Try it: The whole listing needs to be written out exactly, except for any images.

Input data:
*** Begin section ***
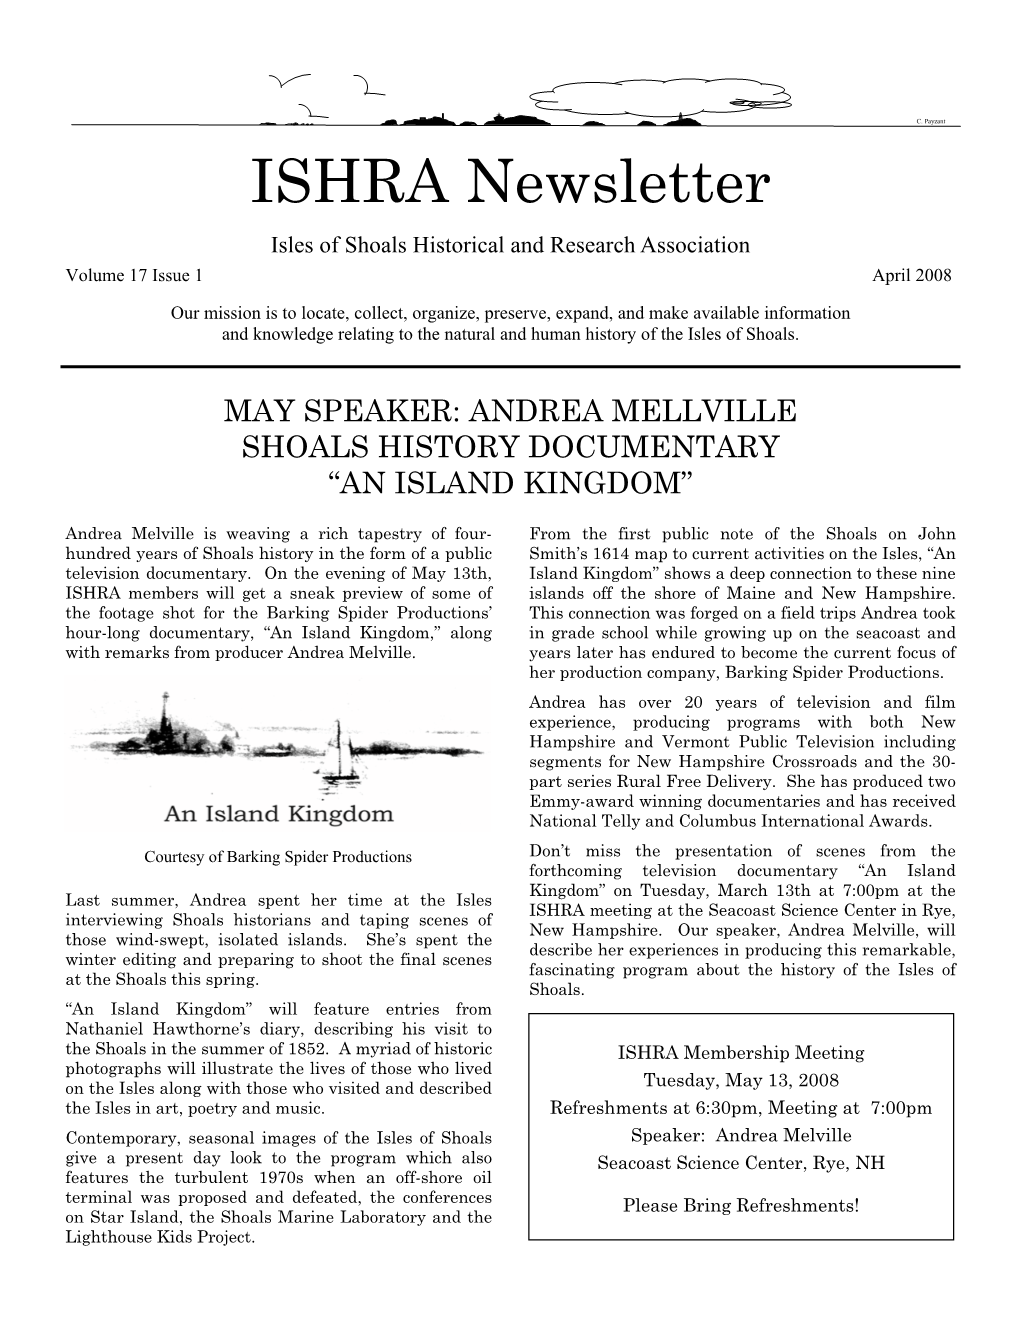 ISHRA Newsletter 4-08.Pub
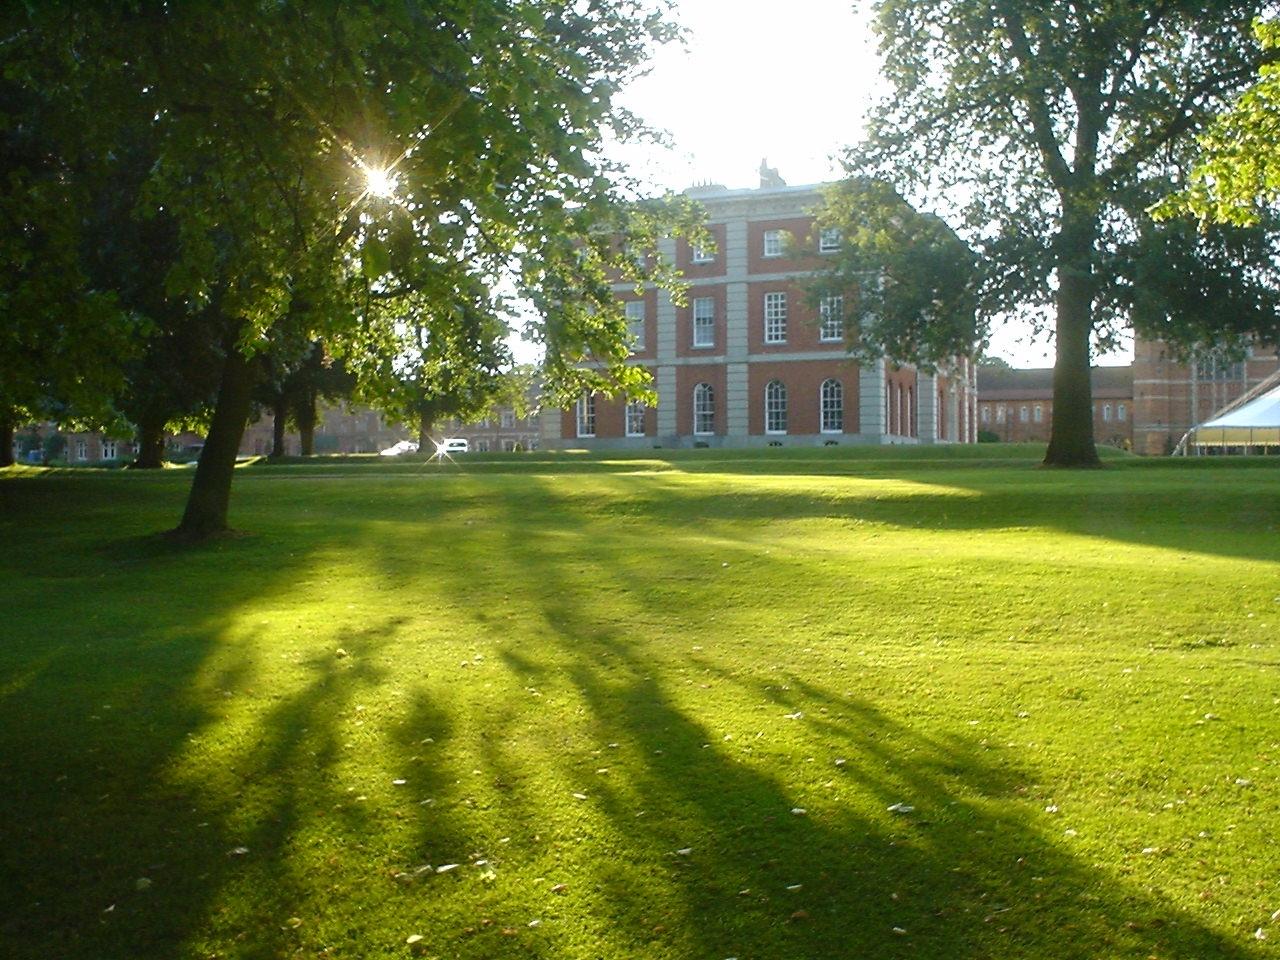 Radley College - вид на территорию и главное здание колледжа
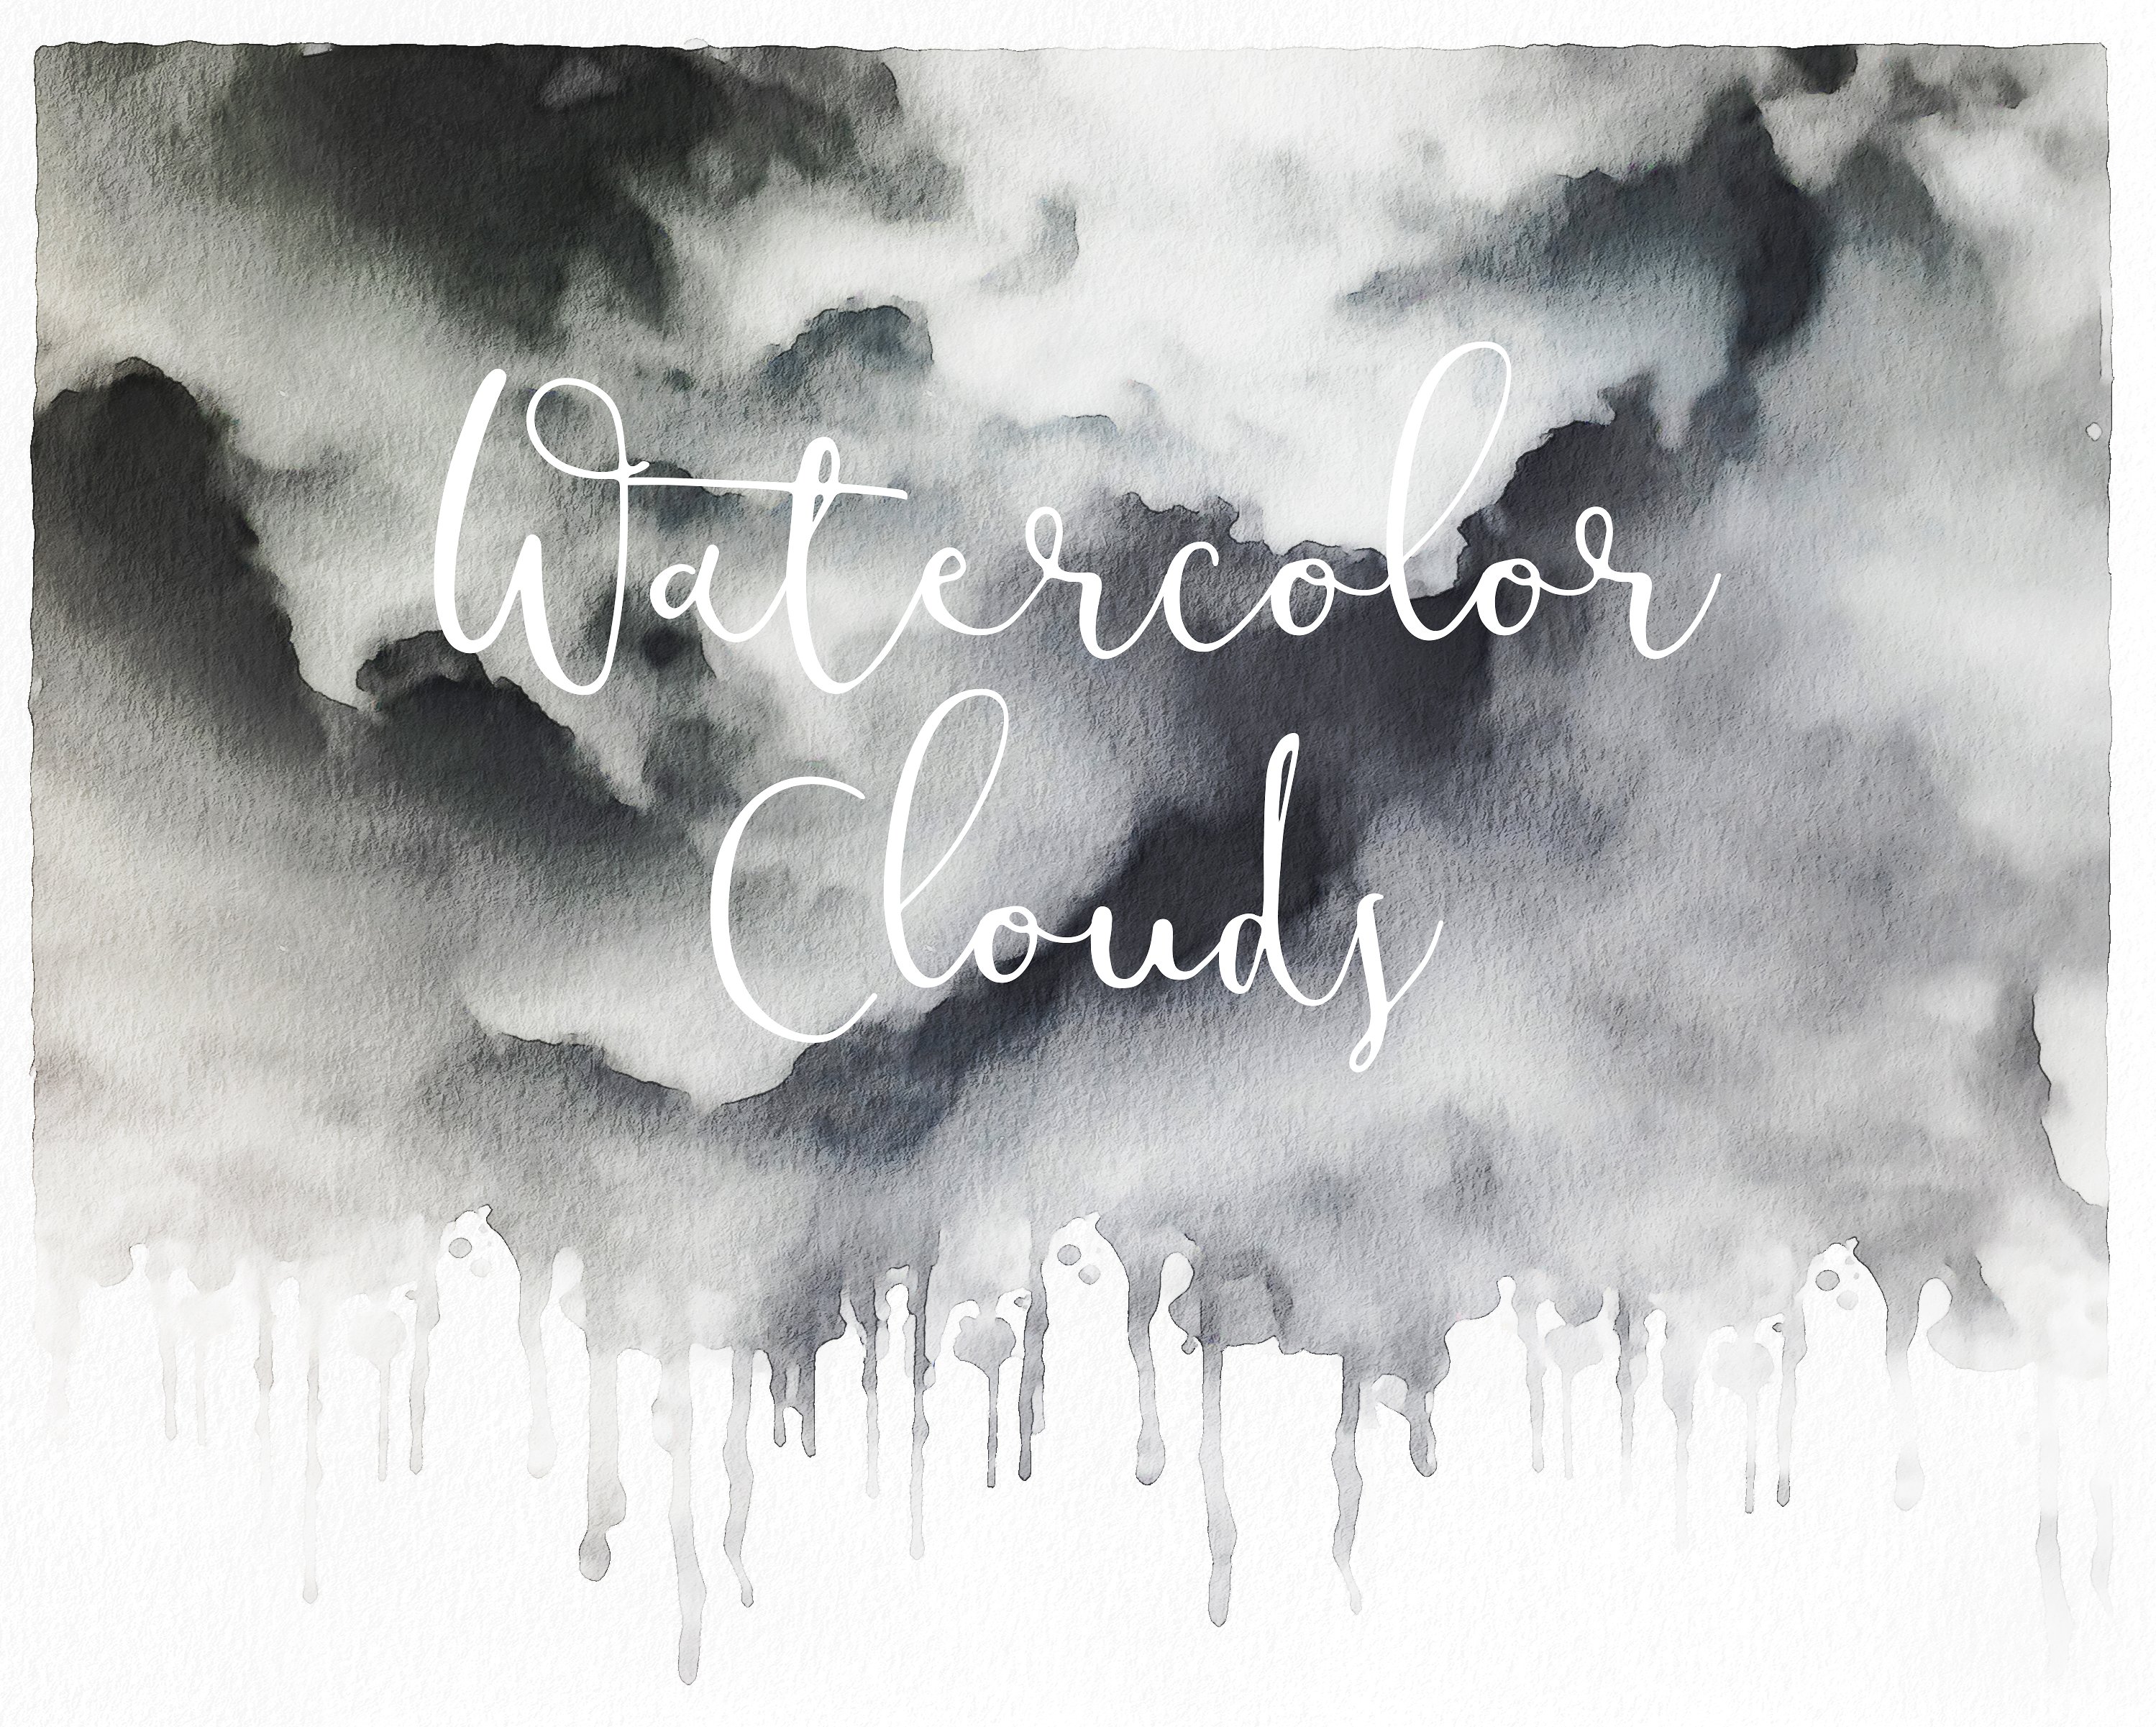 7高分辨率水彩云彩纹理 7 High-Resolution Watercolor Clouds Textures插图
*** End section ***
Result for this exercise:
 ISHRA Newsletter 4-08.Pub
 Radley College - вид на территорию и главное здание колледжа
 7高分辨率水彩云彩纹理 7 High-Resolution Watercolor Clouds Textures插图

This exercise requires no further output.